The 2018 National Defense Strategy calls for an investment in a “blunt layer” of forces forward to delay, degrade, and deny the enemy’s attempt to achieve a fait accompli. This war-preventing force is expensive and at heavy risk because it must be deployed close to China’s borders, often in allied territory, and be exposed to a greater magnitude of China’s offensive force. While the blunt layer concept is a good one, the Trump administration has done little, if anything, to bolster it in the Indo-Pacific. The Biden Department of Defense should look to conduct an early review of conventional posture in the region and identify ways to qualitatively enhance these forces with the goal of raising the costs of the People’s Liberation Army’s path to a fait accompli. This will be a test of America’s ability to prioritize budget resources for forward-deployed forces as much as that of allies and partners to provide critical access.

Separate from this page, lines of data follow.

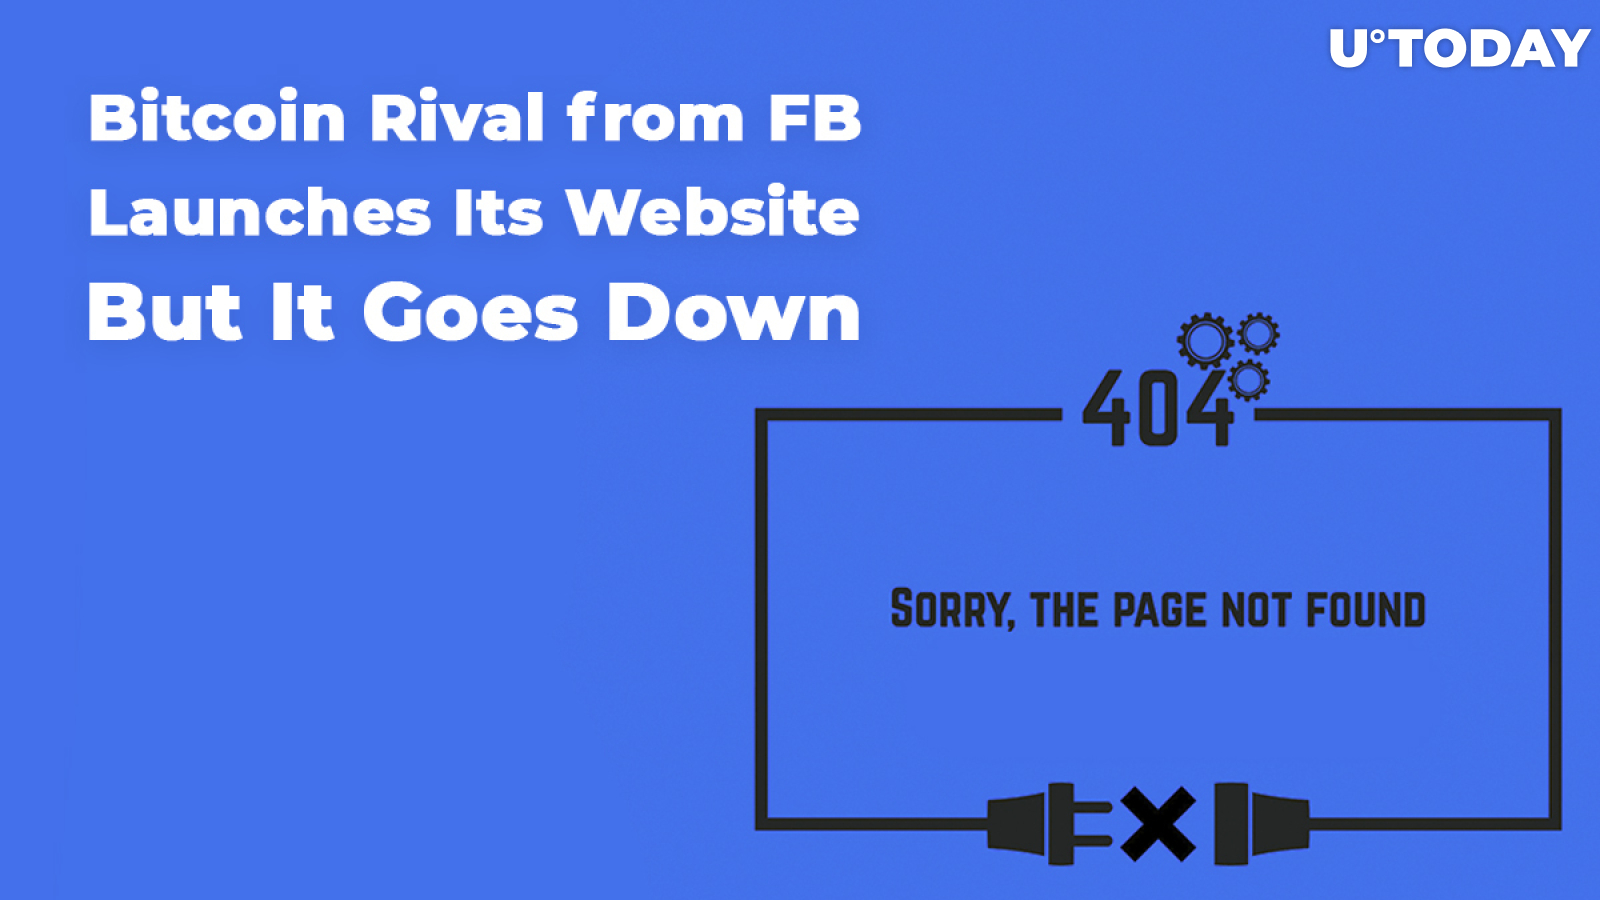 Breaking: Bitcoin Rival from FB, GlobalCoin, Launches Its Website But It Goes Down: Error 404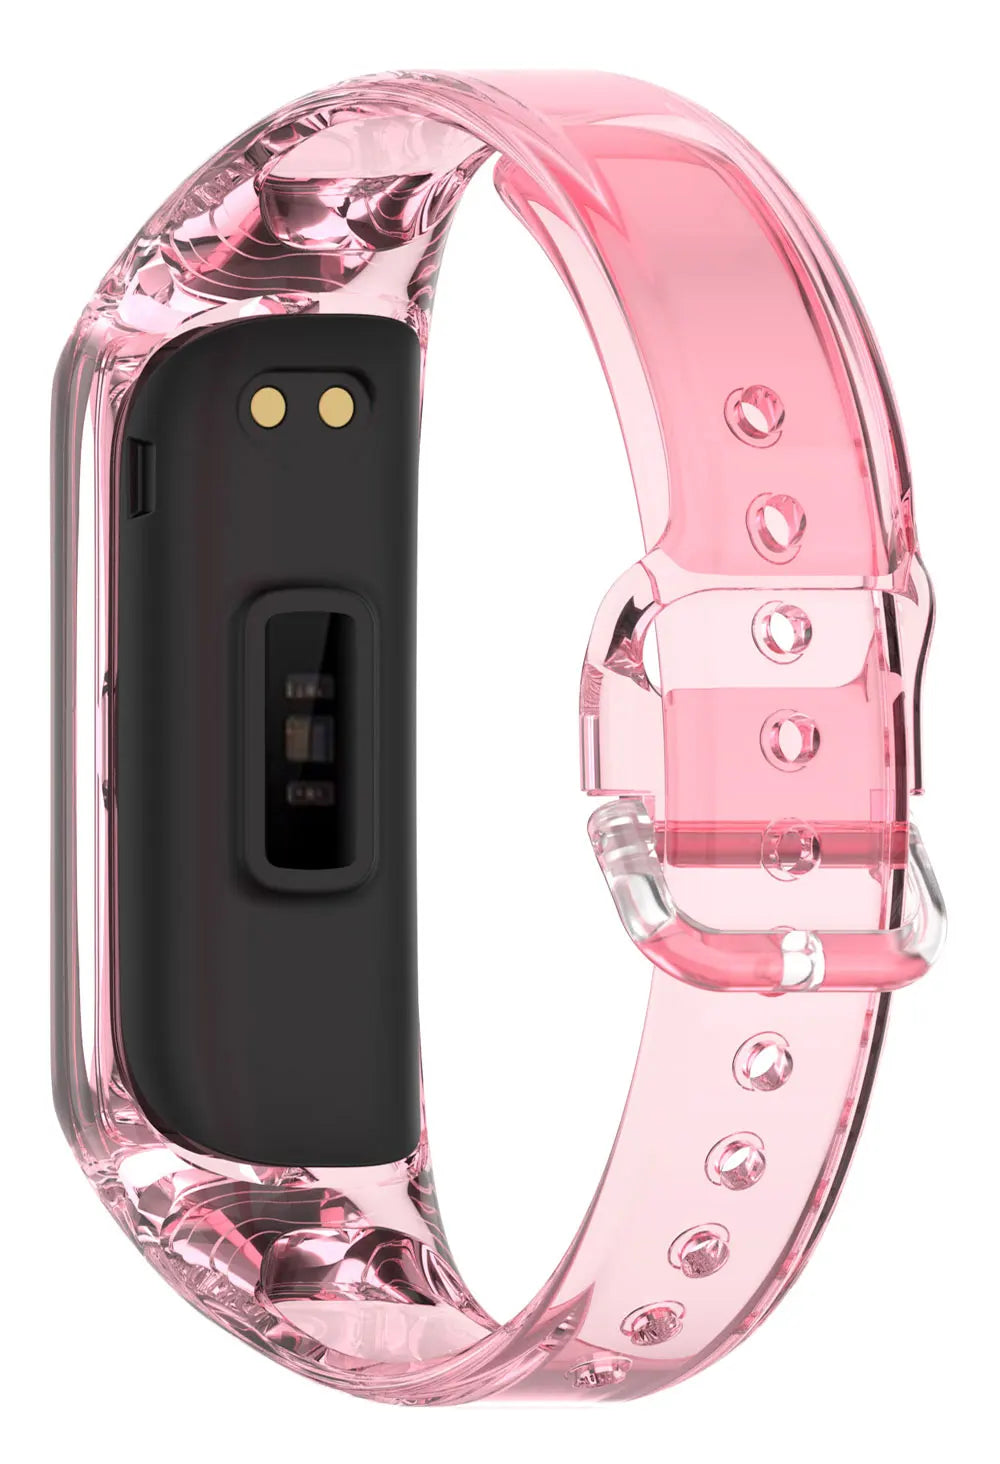 Transparent TPU Band For Samsung Galaxy Fit 2 SM-R220 Strap Discoloration In Light Bracelet For Galaxy Fit 2 SM-R220 Watchband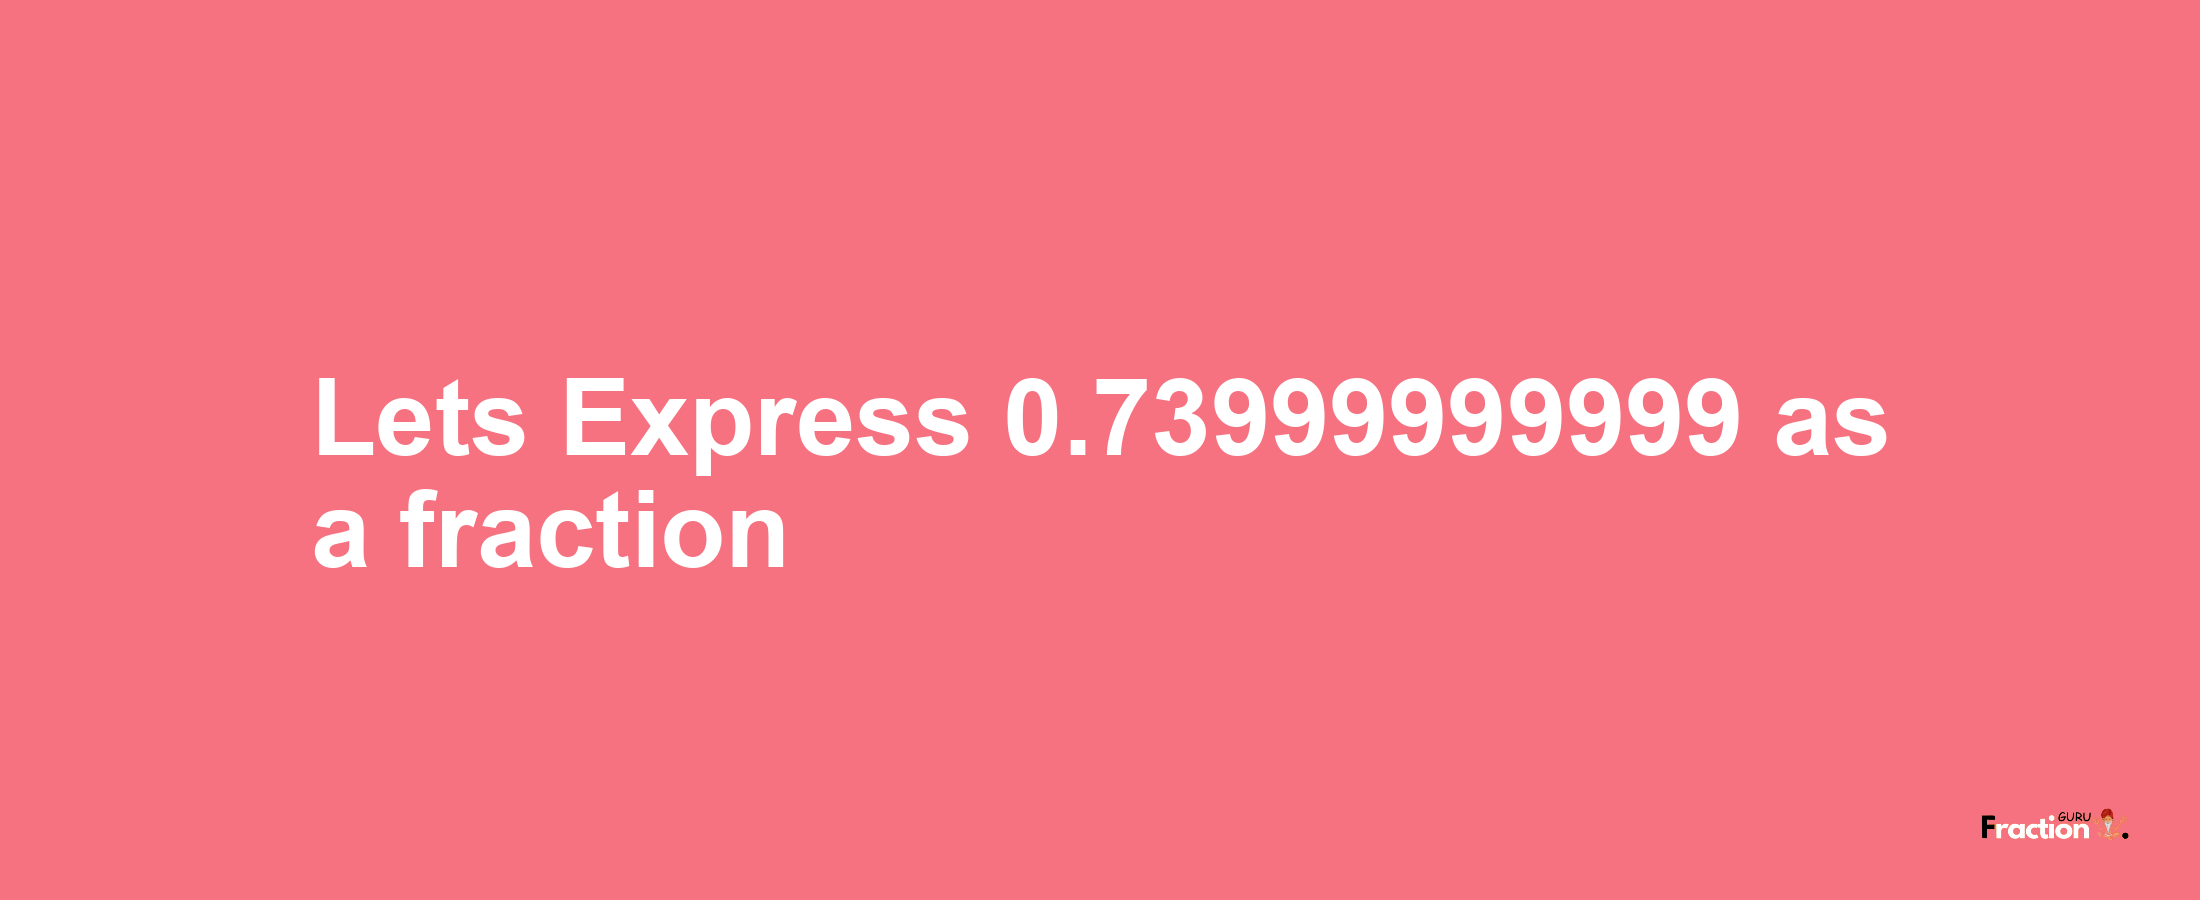 Lets Express 0.73999999999 as afraction

Continue to Deepen the U.S.-Taiwanese Relationship and Avoid Making it a Subset of U.S.-Chinese Policy

The U.S. relationship with Taiwan has gone through so many positive changes in the last several decades. During this time, Taiwan has emerged as a vibrant democracy that has become a social, technological, and public health example to the world. Washington’s relationship with Taipei has also made great strides, including in recent years. Congress can be expected to continue bipartisan efforts to enhance this relationship, including advocating aggressively for a bilateral trade agreement. The Biden administration will have to consider ways in which it can continue to strengthen the relationship, in the security domain but also in the areas of health policy, technology competitiveness, and supply chain security. Instead of a distraction or a hindrance, America’s relationship with the vibrant island democracy is a competitive advantage for U.S. foreign policy.

What’s Next?

The months ahead will see a slow rollout of Biden’s China policy as the team continues to staff up and review existing policy. Early signs of support for Taiwan, a continuation of maritime presence in the Western Pacific, a focus on China’s human rights record, and clear and direct messaging from the State Department are encouraging. Biden also singled China out in his first major foreign policy speech as America’s “most serious competitor” and insisted that his administration will engage in “extreme competition” with Beijing. There have also been stumbles, including the administration’s inconsistent signaling on the Huawei threat. However, just like the Truman-Eisenhower-Kennedy early years of the U.S.-Soviet competition, it appears for now that the Biden team is prepared to adopt the same macro-level approach to Beijing as the Trump administration while adopting their own priorities and methods to address the challenge. Republicans on Capitol Hill should be prepared to support the spirit of this agenda while offering thoughtful criticism when warranted and continuing to expand the successful bipartisan legislative agenda of 2018 to 2020. For their part, the Biden administration should expect that Democrats in Congress won’t shy away from rigorous and public oversight of their decision-making. Policy differences will not fade away — nor should analysts want them too — but the most successful China policy for the United States will be one where the two parties complement one other’s strengths and find ways to disagree without being disagreeable.

 

 

Eric Sayers is a visiting fellow at the American Enterprise Institute. He previously worked as a professional staff member on the Senate Armed Services Committee and as a consultant to U.S. Pacific Command, where he worked as special assistant to the commander.